= Jerome Karabel =

American sociologist

Jerome Bernard Karabel (born May 20, 1950) is an American sociologist, political and social commentator, and professor of sociology at the University of California, Berkeley. He has written extensively on American institutions of higher education and on various aspects of social policy and history in the United States, often from a comparative perspective.

== Life and career ==
Karabel graduated from Phillips Exeter Academy (1968). He holds a BA (1972) and Ph.D. (1977) from Harvard University, and also conducted postgraduate studies at Nuffield College at Oxford University in England and at the Ecole des Hautes Etudes in Paris, France. He has been a recipient of grants from the National Science Foundation, the National Institute of Education, and the Ford Foundation. In 2009-2010, Karabel was a Fellow at the Woodrow Wilson International Center for Scholars in Washington DC, where he was working on a project entitled “American Exceptionalism, Social Well-Being, and the Quality of Life in the United States.”

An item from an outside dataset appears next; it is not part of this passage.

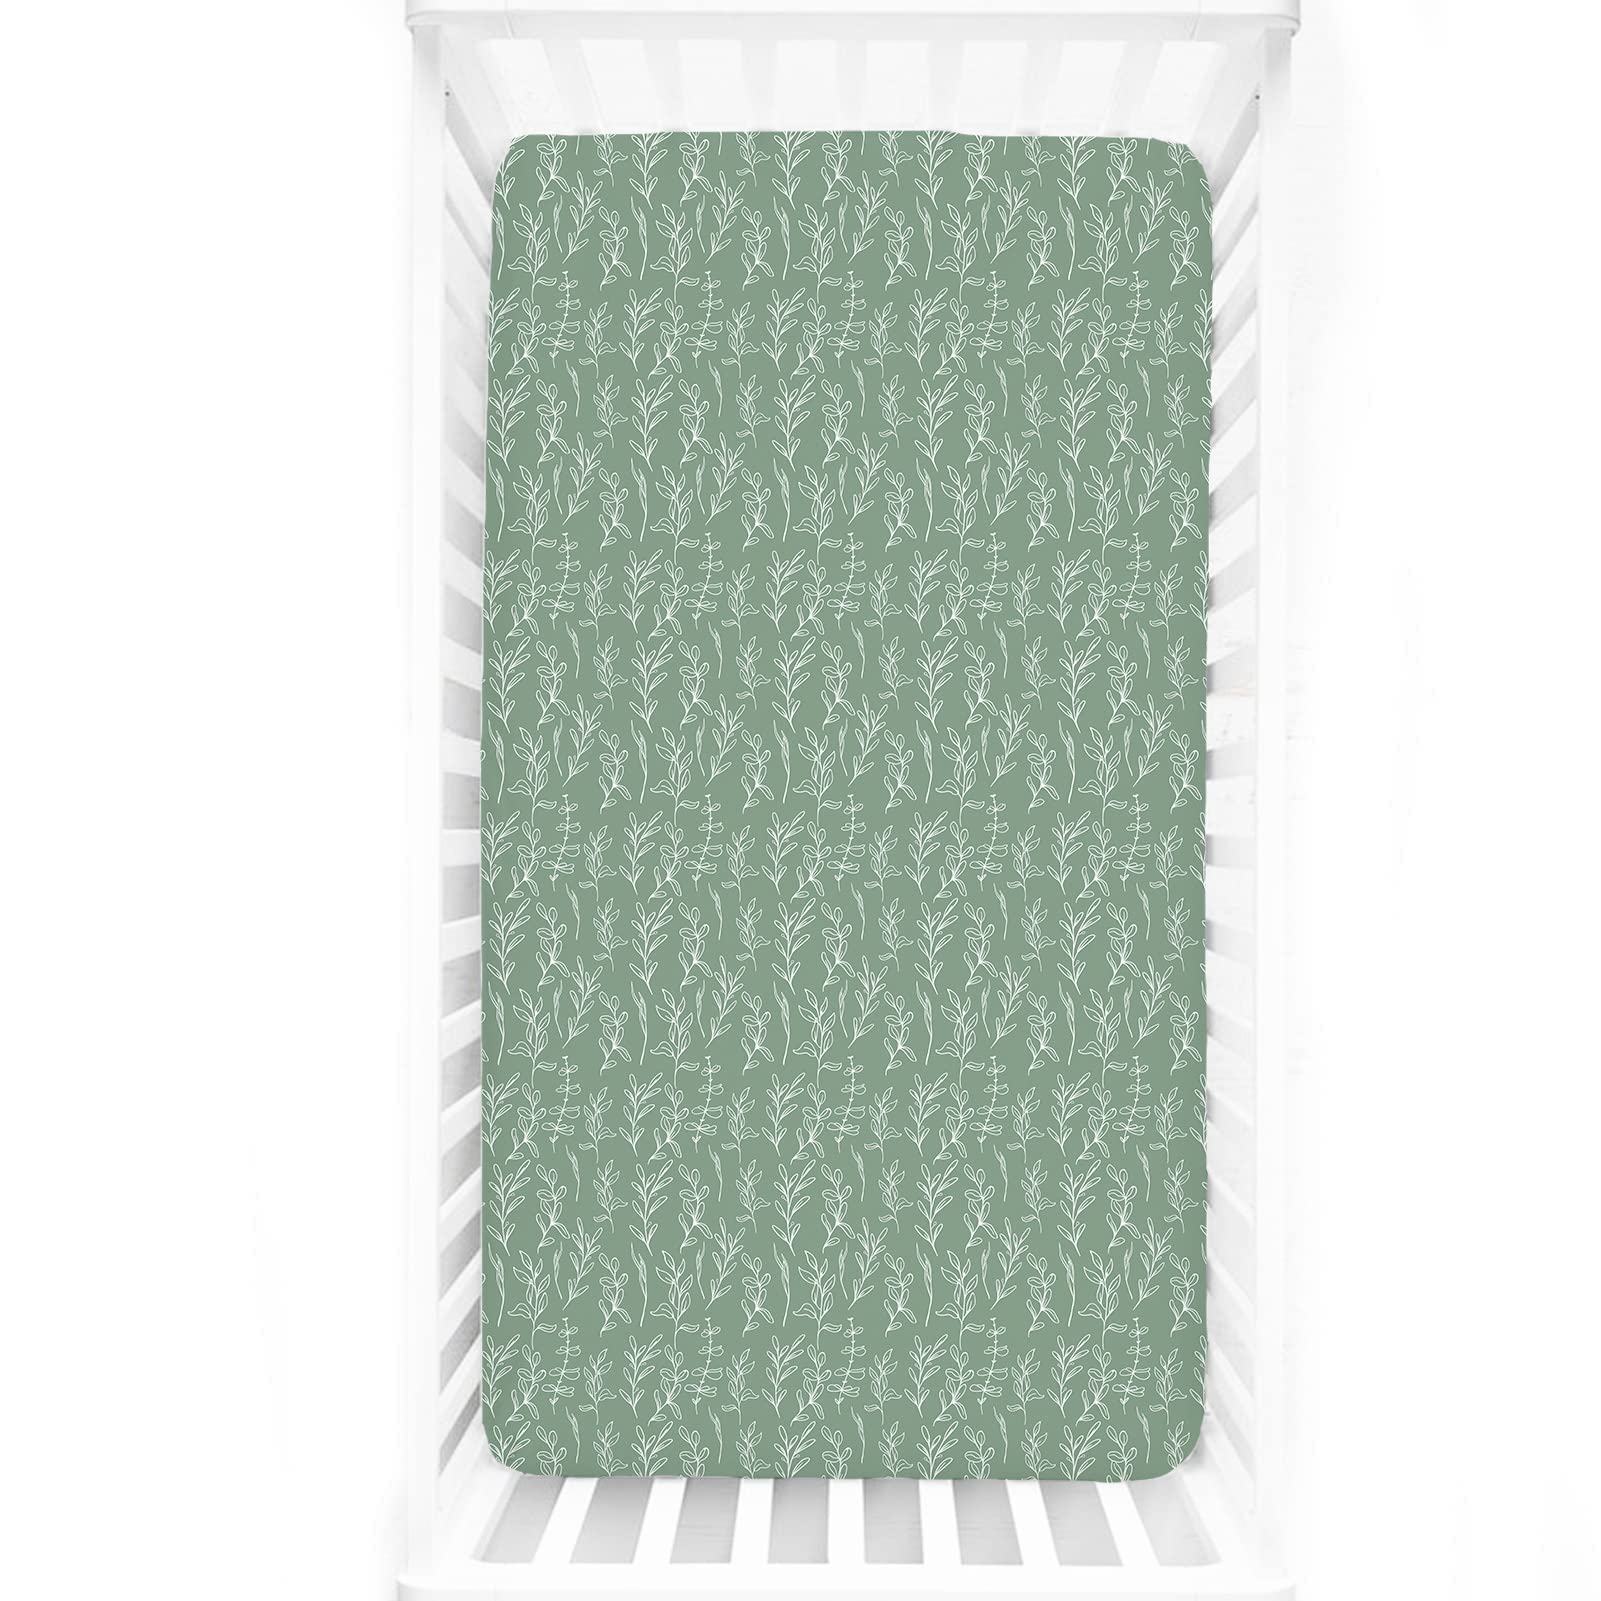 HNHUAMING Green Sage Nursing Pillow Cover, Baby Diaper Changing Pad Cover Cradle Mattress Sheets,Crib Sheet
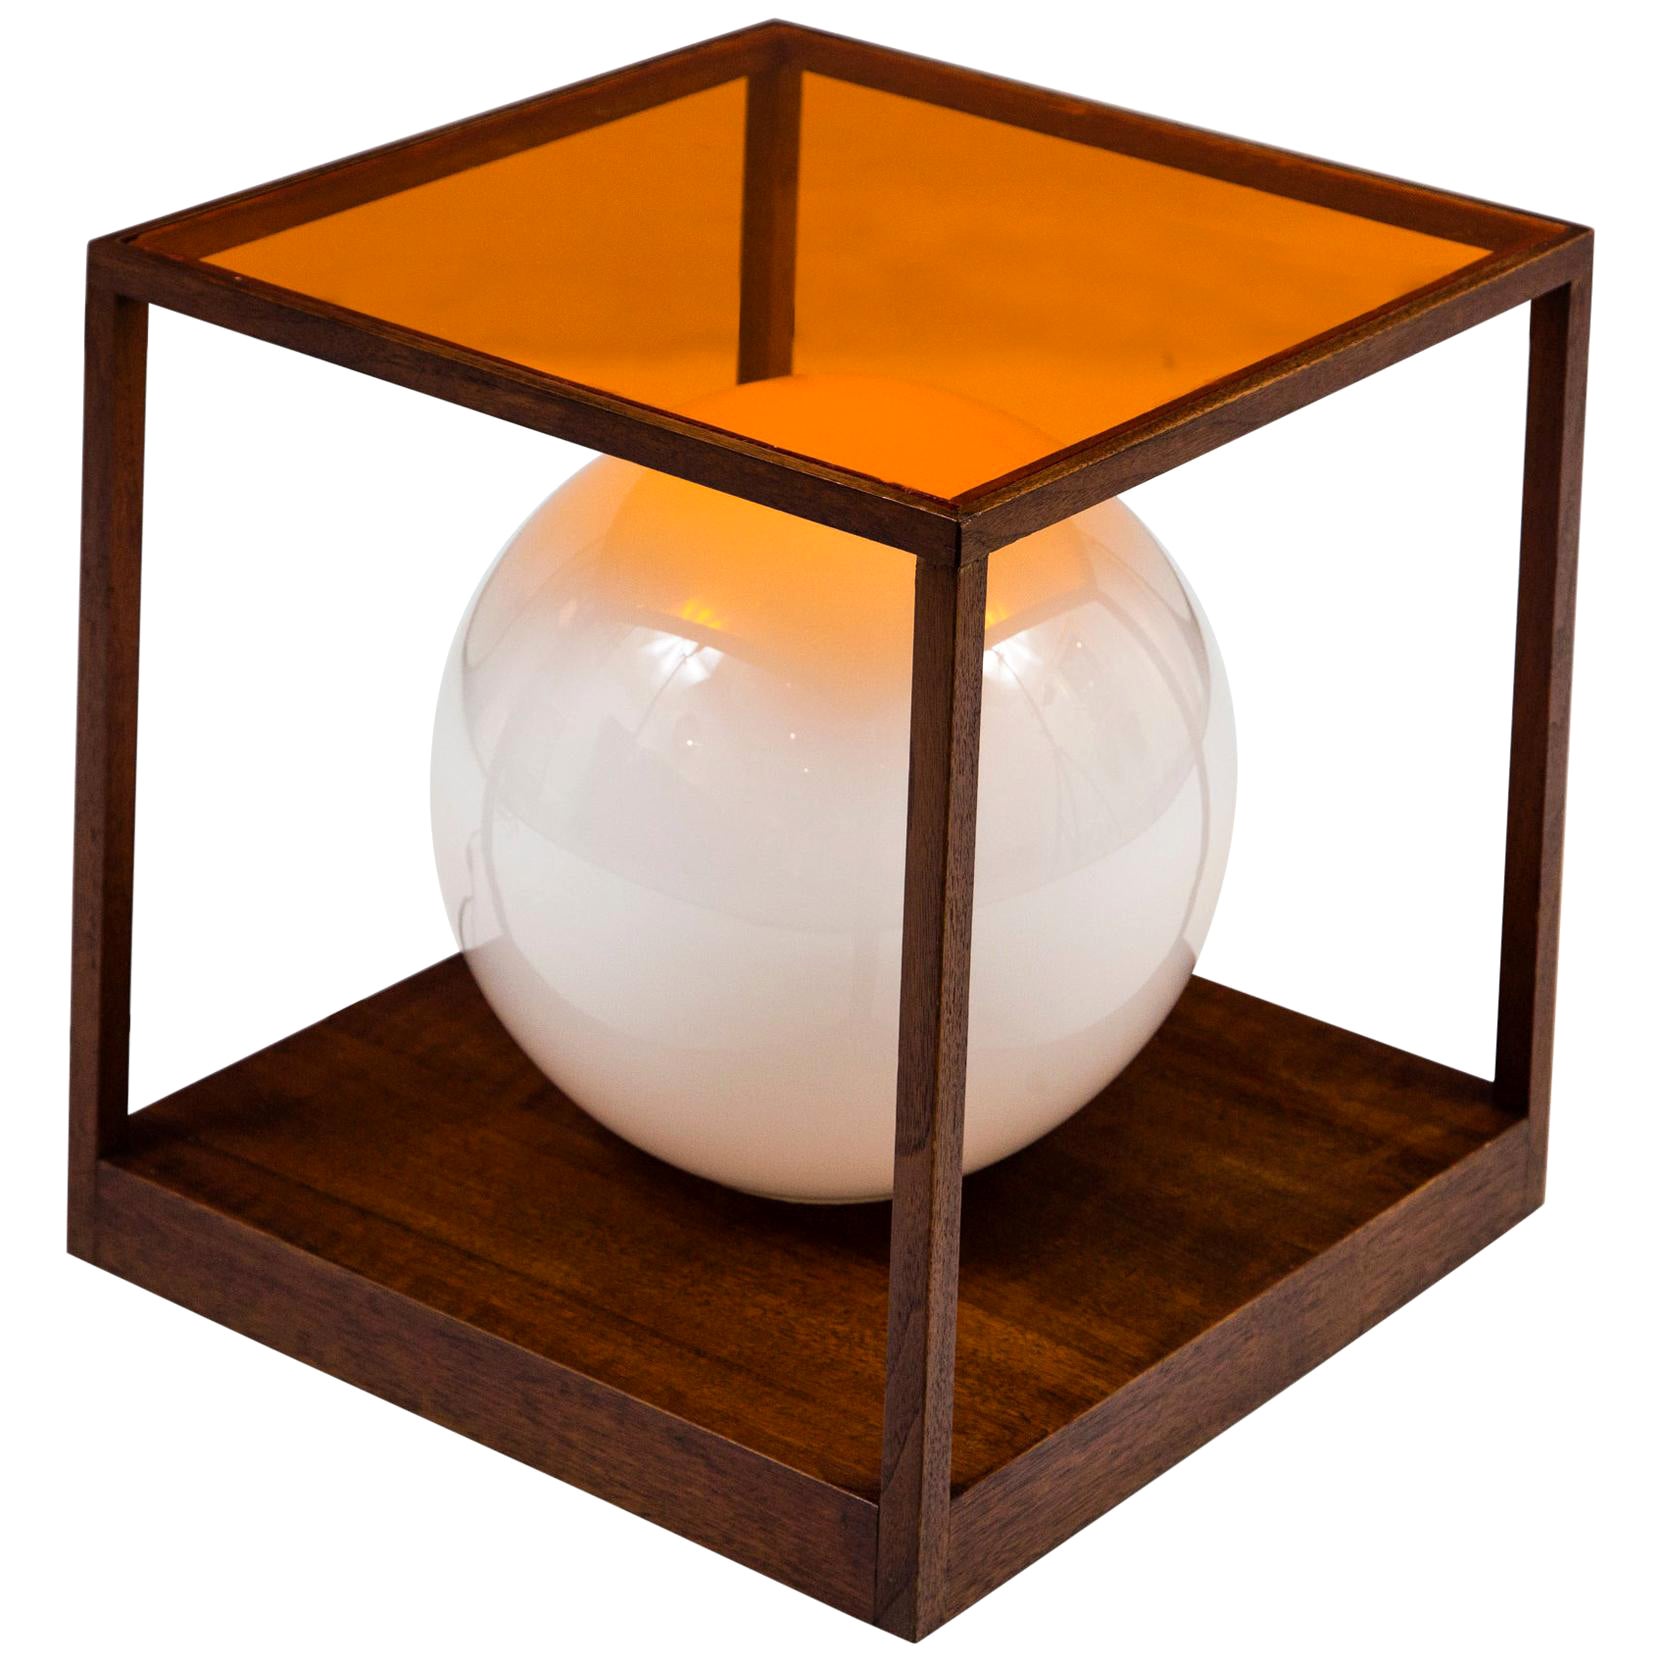 Paul Mayen Orange Quadrus Light Table for Habitat, 1958

Karabel is the author of The Chosen: The Hidden History of Admission and Exclusion at Harvard, Yale, and Princeton (2005), which received the Distinguished Scholarly Book Award from the American Sociological Association. He is also co-author (with Steven Brint) of The Diverted Dream: Community Colleges and the Promise of Educational Opportunity in America, 1900-1985 (1989), which received the Outstanding Book Award from the American Educational Research Association. His research in the sociology of education explores notions of meritocracy, opportunity, access, and cultural capital in American higher education, and the role of the educational system in legitimating the existing social order.

In The Chosen, Karabel chronicles the admissions policies of Harvard, Yale, and Princeton over the course of the twentieth century, describing how new admissions criteria—including letters of recommendation, athletic and extracurricular achievements, and interviews, in addition to a student’s academic credentials—were first introduced in the 1920s in an effort to limit the number of Jewish students. Such starkly redefined measures of “merit” were institutionalized at these and other elite institutions over time, even as these schools later adapted such admission policies in response to growing demands for greater democratization and diversity during the mid and latter half of the twentieth century.

Karabel’s articles have been published in the American Sociological Review, Harvard Educational Review, Theory and Society, Social Forces, and Politics and Society among others. He is also a contributor to publications such as The New York Times, The Huffington Post, The New York Review of Books, The Nation, The Los Angeles Times, and Le Monde Diplomatique.

==Selected publications==
- The Chosen: The Hidden History of Admission and Exclusion at Harvard, Yale, and Princeton (Houghton Mifflin, 2005) (Winner of the 2005 National Jewish Book Award).
- "Towards a Theory of Intellectuals and Politics," Theory and Society 25, no. 2 (April 1996): 205-233.
- The Diverted Dream: Community Colleges and the Promise of Educational Opportunity in America, 1990-1985, with Steven Brint (Oxford University Press, 1989).
- Power and Ideology in Education, co-edited with an introduction by A.H. Halsey (Oxford University Press, 1977).